DIRECTIONS FOR THIS TASK:
Only the lines below, from the one with "Map Of Dublin" through the one with "Alternate Image 1", are to be written out, exactly.

Segment Start: ENTRIES SHOWN

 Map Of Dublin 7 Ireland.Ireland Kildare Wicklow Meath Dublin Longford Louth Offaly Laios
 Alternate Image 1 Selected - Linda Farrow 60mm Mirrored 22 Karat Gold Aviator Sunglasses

Segment End: ENTRIES SHOWN
Segment Start: ENTRIES SHOWN

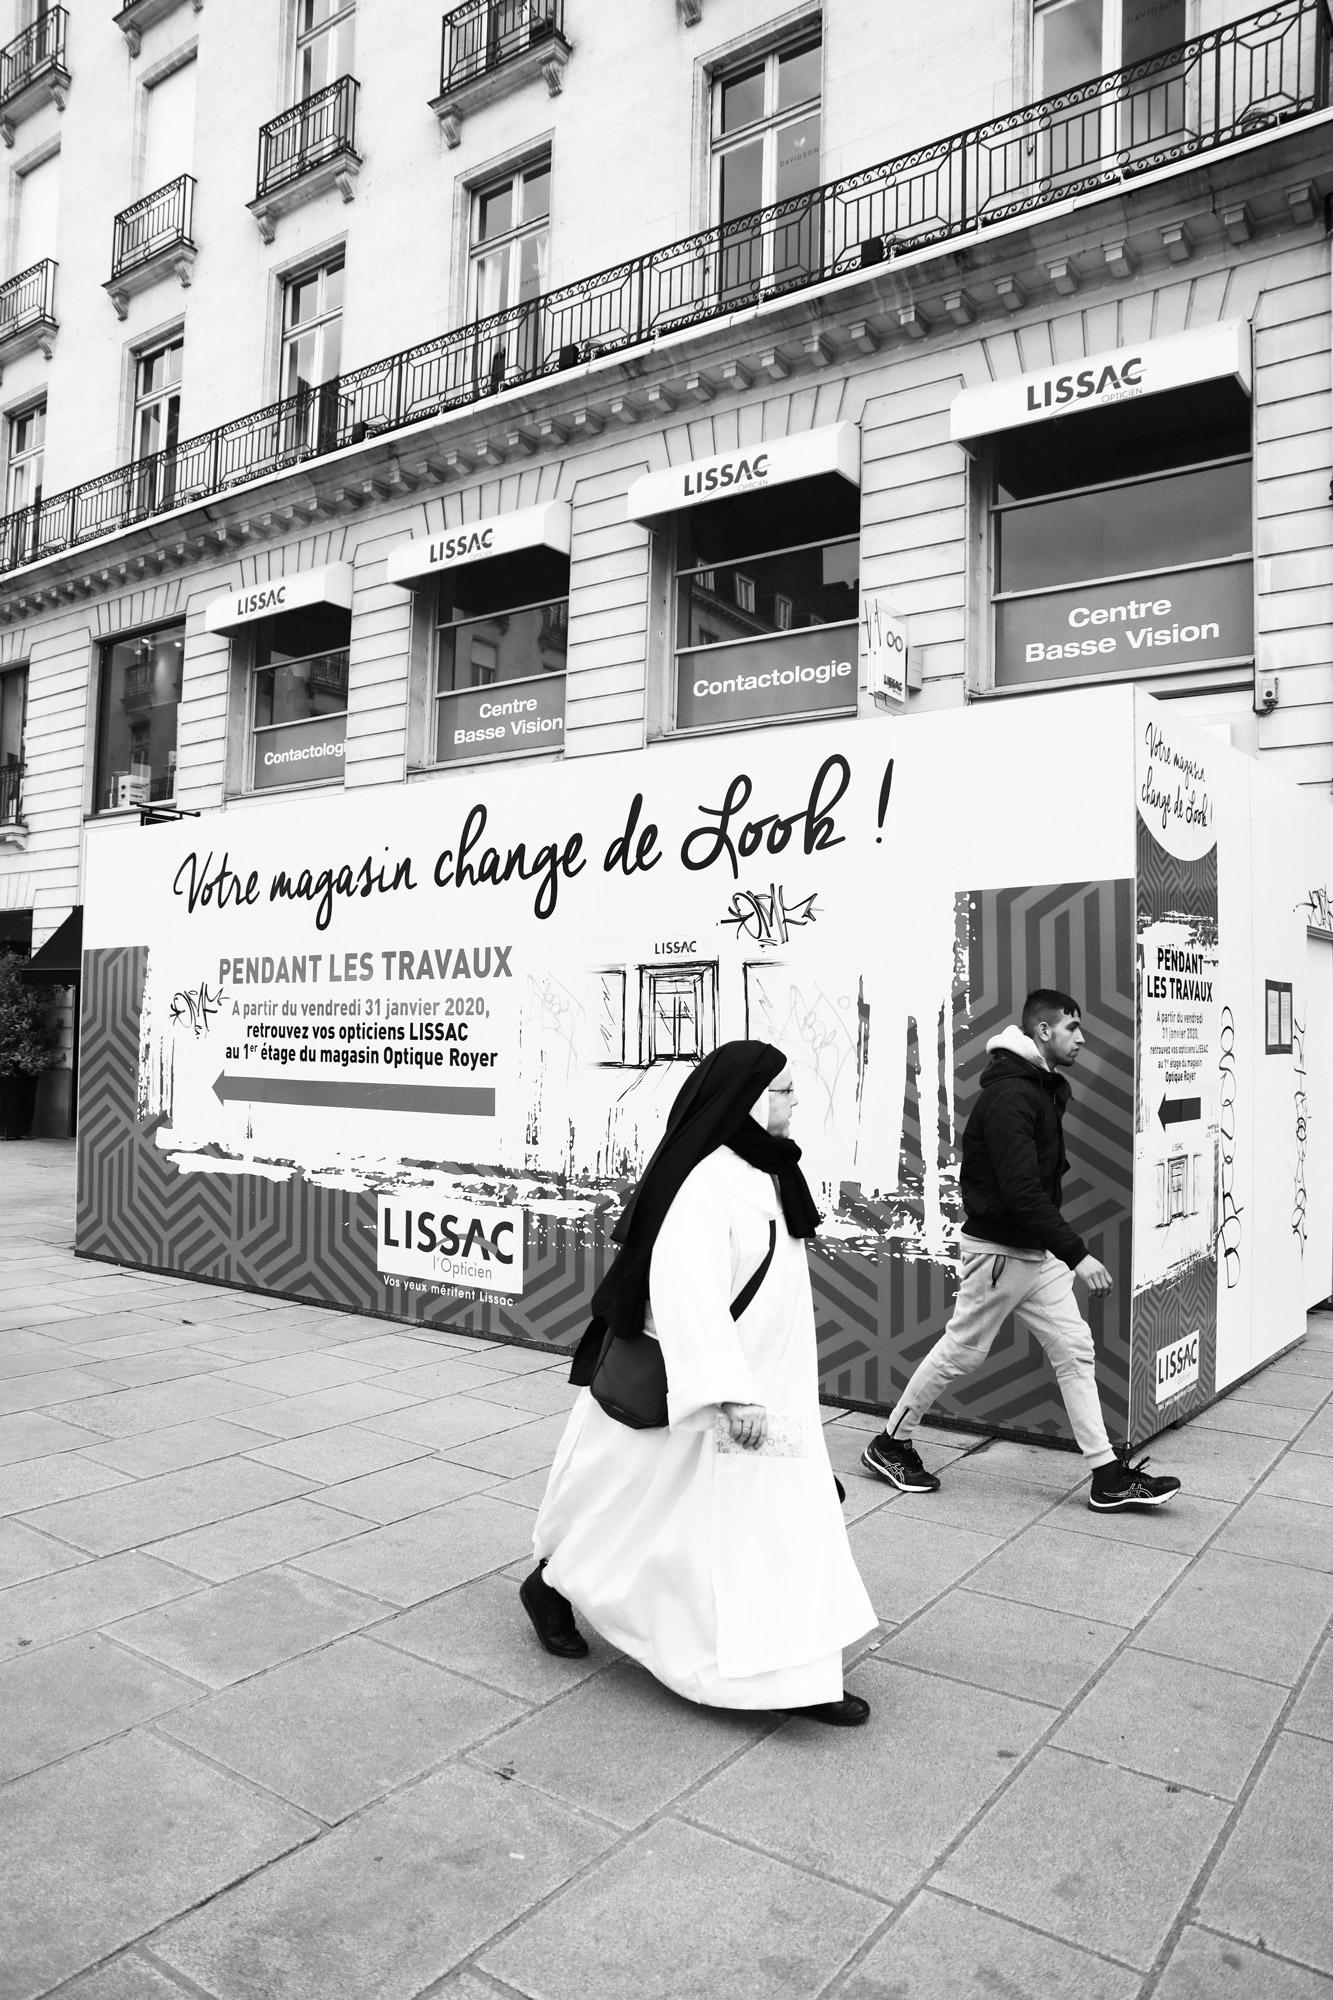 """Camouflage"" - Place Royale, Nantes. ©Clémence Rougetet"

Segment End: ENTRIES SHOWN
Segment Start: ENTRIES SHOWN

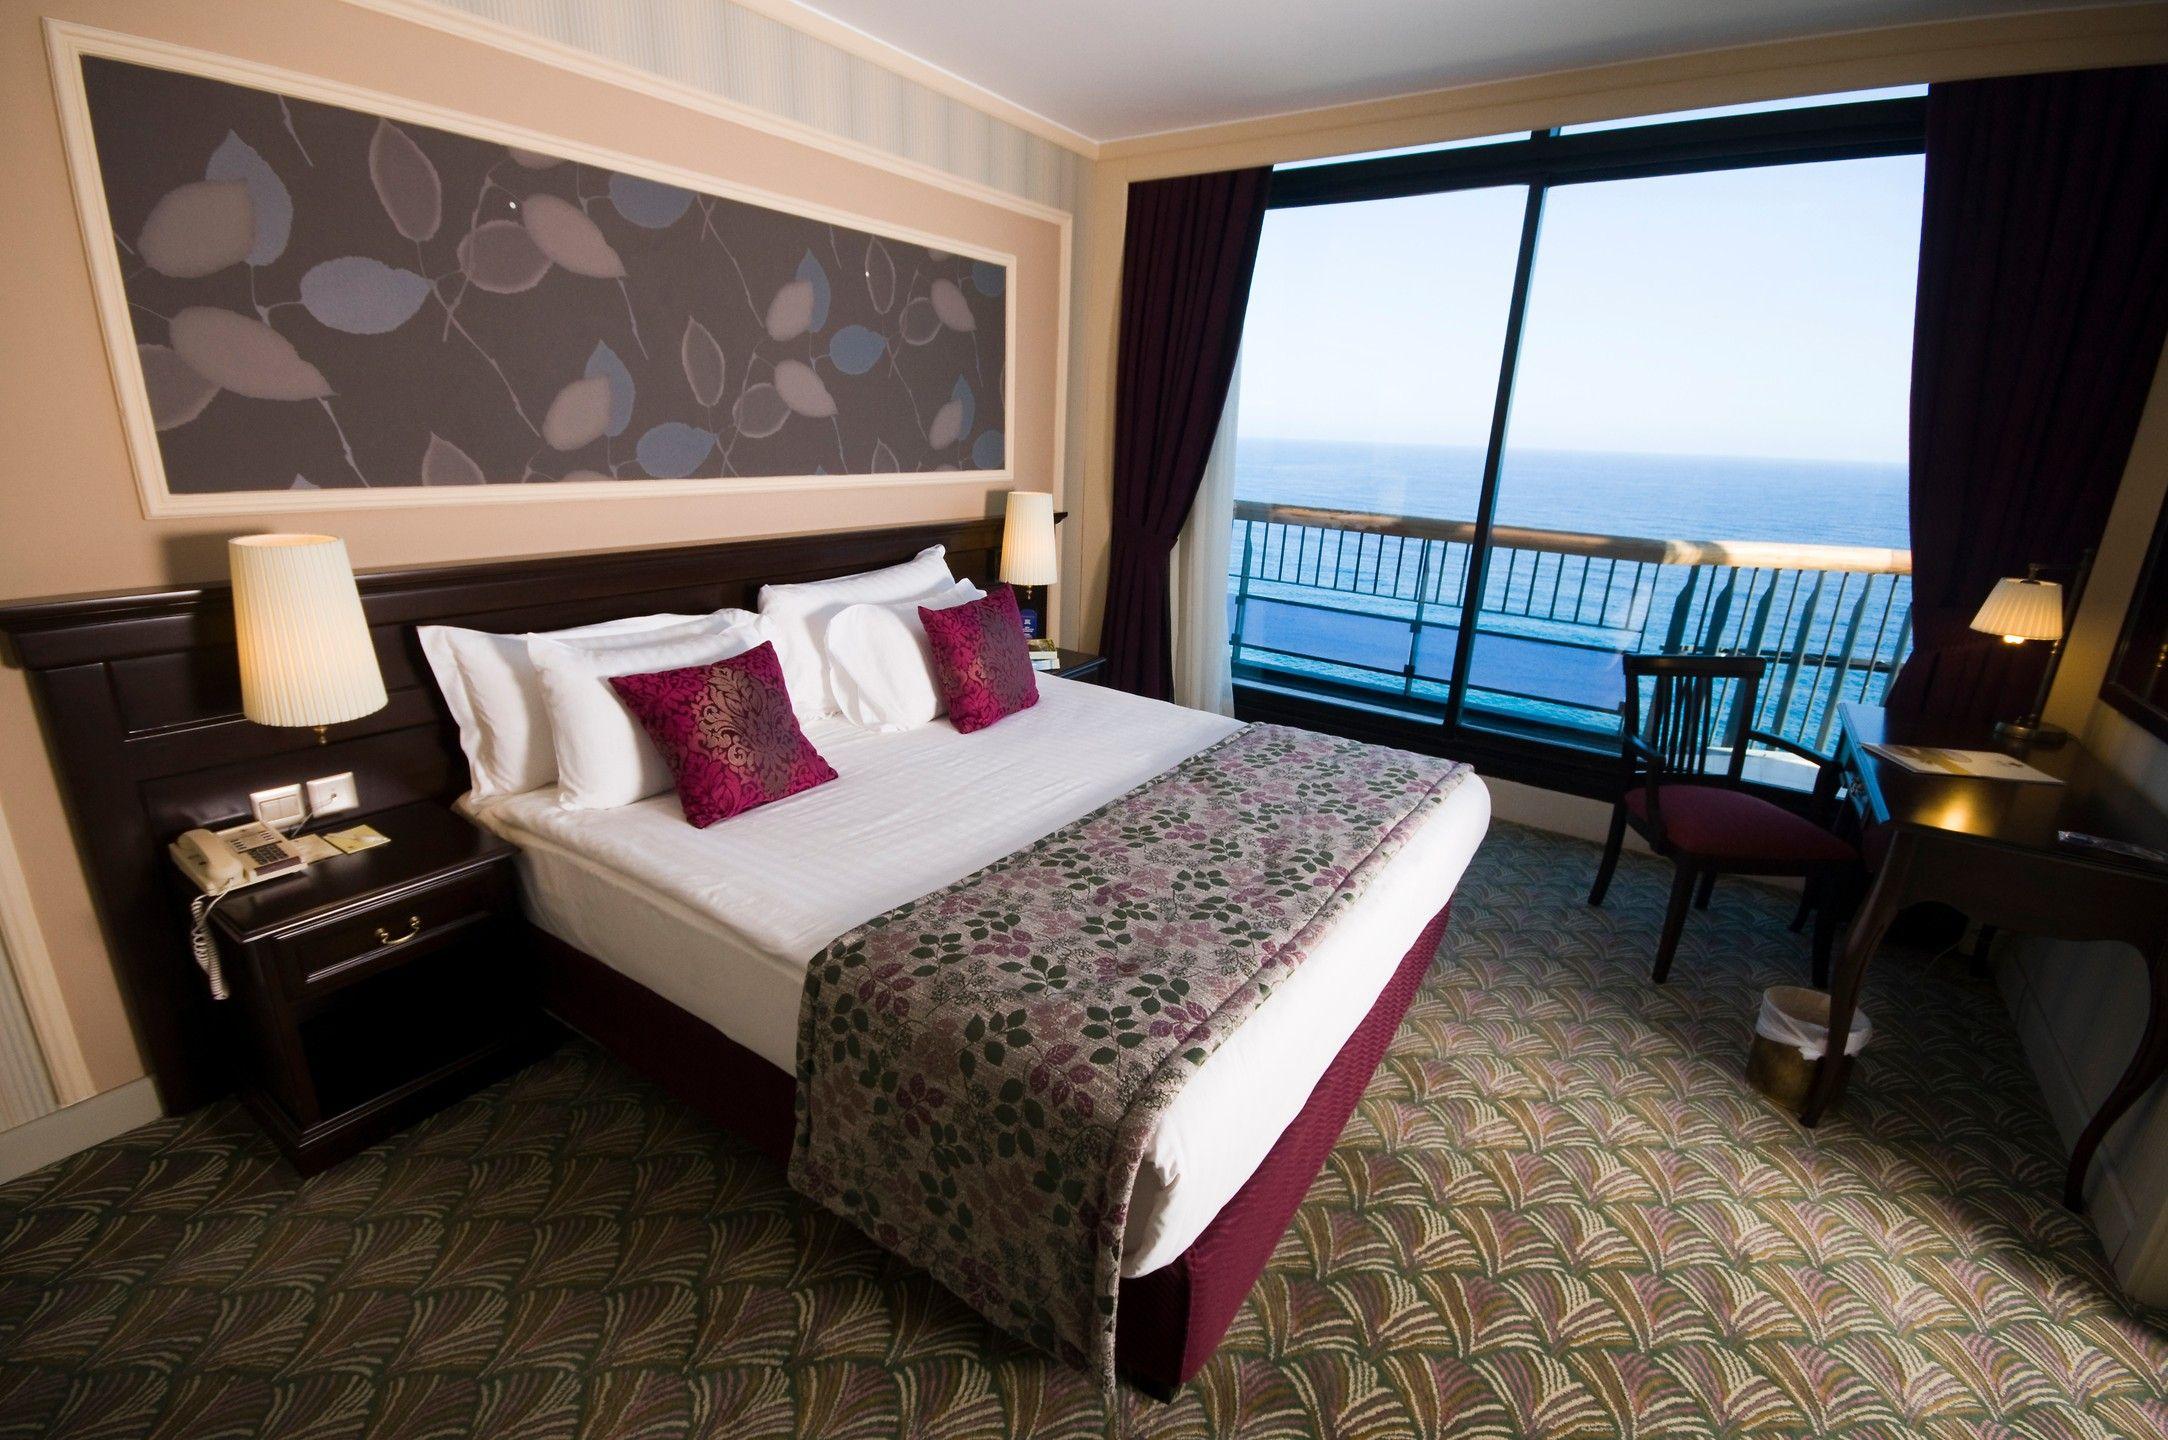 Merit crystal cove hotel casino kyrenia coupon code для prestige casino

Segment End: ENTRIES SHOWN

EXERCISE RESULT:
 Map Of Dublin 7 Ireland.Ireland Kildare Wicklow Meath Dublin Longford Louth Offaly Laios
 Alternate Image 1 Selected - Linda Farrow 60mm Mirrored 22 Karat Gold Aviator Sunglasses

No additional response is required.